A major factor that I see here, or perhaps I should say: don’t see here is a reference to television. I haven’t read about any reverences to radio, either. He was forced to entertain himself by reading books and magazines (he read his father’s Punch magazines) and creating activities for himself that interested him.

He formed thoughts and ideas and attitudes from what he read and then expanded on those thoughts.  Television, which became wide spread when I was a kid, is perhaps the biggest contributor to the cultivation of the  lack of imagination in young people. It is a great invention, I admit that, but everything is thought-out and laid before the watcher. The scenes move, one to the other, at such a rate that it gives no time for the watcher to consider and form thoughts or opinions about what they have just seen. It has to be done that way in order to keep the interest of the watcher. It’s a marketing thing to keep the ratings high.

Back to C. S. Lewis — I nearly went off on a rant, didn’t I?

The final event of his early childhood, and probably the one with the greatest impact on his life was the death of his mother. She died of cancer.
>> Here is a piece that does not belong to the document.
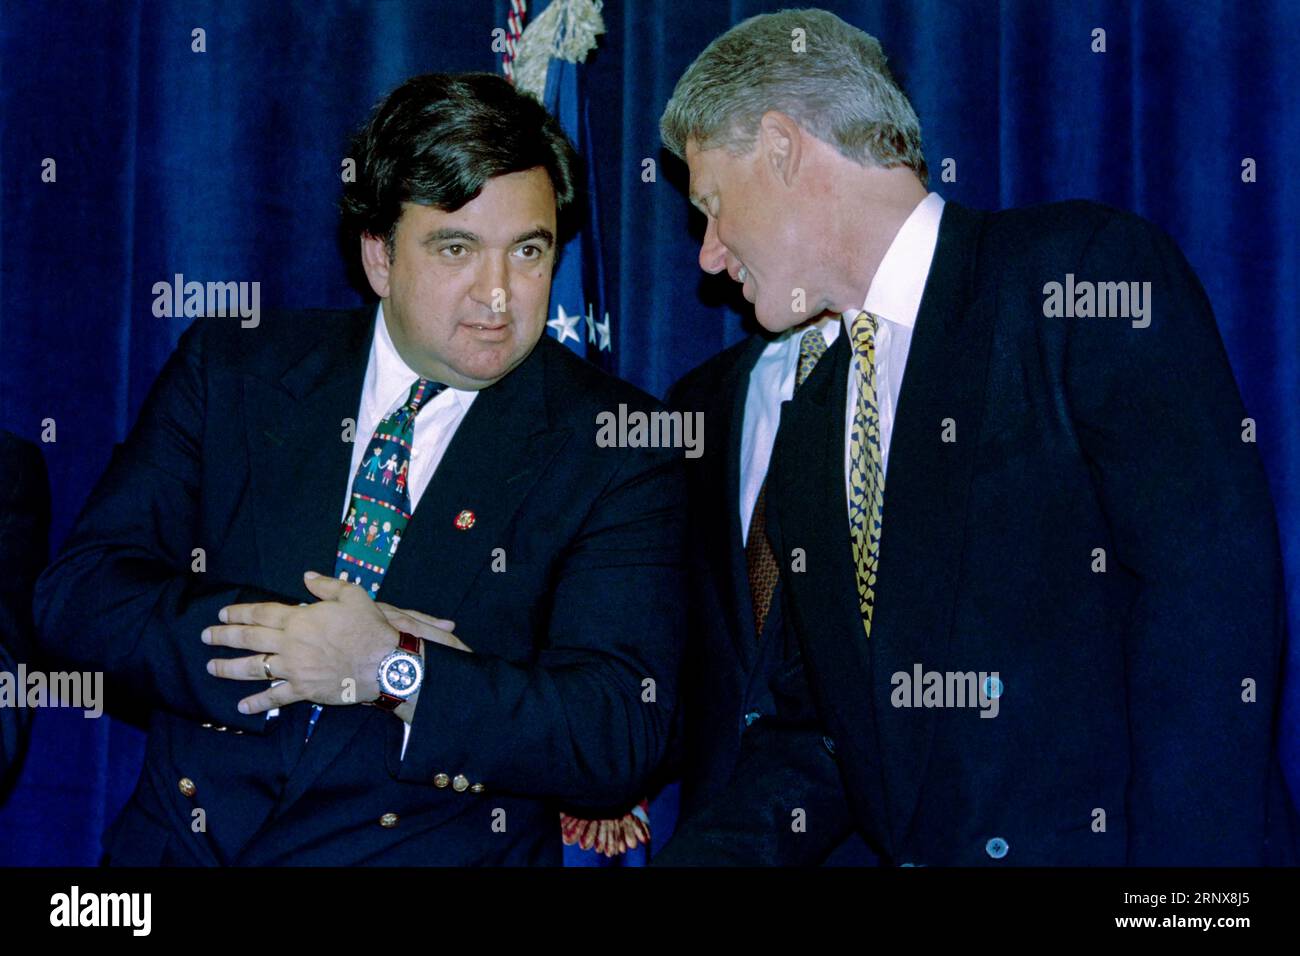 U.S President Bill Clinton, right, speaks with Congressman Bill Richardson, left, during a Cinco de Mayo celebration at the Cineplex Odeon Theatre, May 5, 1995 in Washington, D.C. The Clinton’s attended the premiere of “My Family-Mi Familia” hosted by the National Council of La Rasa and the Congressional Hispanic Caucus. Stock Photo

The result of her death was that he was truly alone. Lewis suggests that he and his brother never had a very close relationship with their father and this eroded the situation even more. By Lewis’ account, his father had never had the “steadiest” nerves and

“…his emotions had always been uncontrolled. Under the pressure of anxiety his temper became incalculable; he spoke wildly and acted unjustly.”

He was losing his sons as well as his wife and Lewis states that his father never really recovered from the loss of his wife.

There is one interesting observation that Lewis has about sorrow. There is a saying: “shared sorrow draws people together.” His experience is that this does not occur if those who share it are of widely differing ages. He explains that when a child is confronted with adult misery and adult terror the effect on the child is to paralyze him and cause alienation. This is a good lesson to remember. If tragedy, sorrow, or crisis occurs in the presence of young children, don’t let them know you’re terrified – keeping calm and in control will draw them closer so they can be better cared for at a time when they need it.

When he and his brother were told that his mother’s case was hopeless, he remembered what he had been taught: prayers offered in faith would be granted. He thought his prayers were the best that could be said and he had mustered firm belief of this through his own will power. He was sure this was what was needed for her successful recovery — God would intervene and she would be healed. After she died, he continued praying that, basically, she would be brought back to life through the sheer power of his prayers; that there would be a miracle. I wonder if this was the beginning of his travels into atheism. He doesn’t say this, but it kind of stands to reason that the seed was planted at this time, doesn’t it?

His approach to God was, he says, without awe and without fear. He didn’t approach God as the Savior or Judge, but as a magician who would fulfill his request and then “simply go away.” He was totally unaware that the contact he had made with God “should have any consequences beyond restoring the status quo.” He had no thought that once a conversation with God had been initiated, he would be expected to continue the relationship.

My own pastor in catechism class said that people often approach God incorrectly – we approach Him like we approach a soda machine. We deposit our quarter, push a button requesting our desires and expect our request to be filled — only to go off on our merry way (whether or not our prayers are answered the way we wish); giving no more thought the machine.

With his mother’s death, happiness, tranquility and anything that was reliable disappeared from his life. There was nothing of that security that only mothers can impart to their children. From this time forward he had only himself and his brother to lean on. For a while, he did spend time with his aunt – his mother’s sister-in-law from Canada – and he enjoyed being around her, but he was soon “packed-off” to school in England so there was little long-term comfort to be found in her.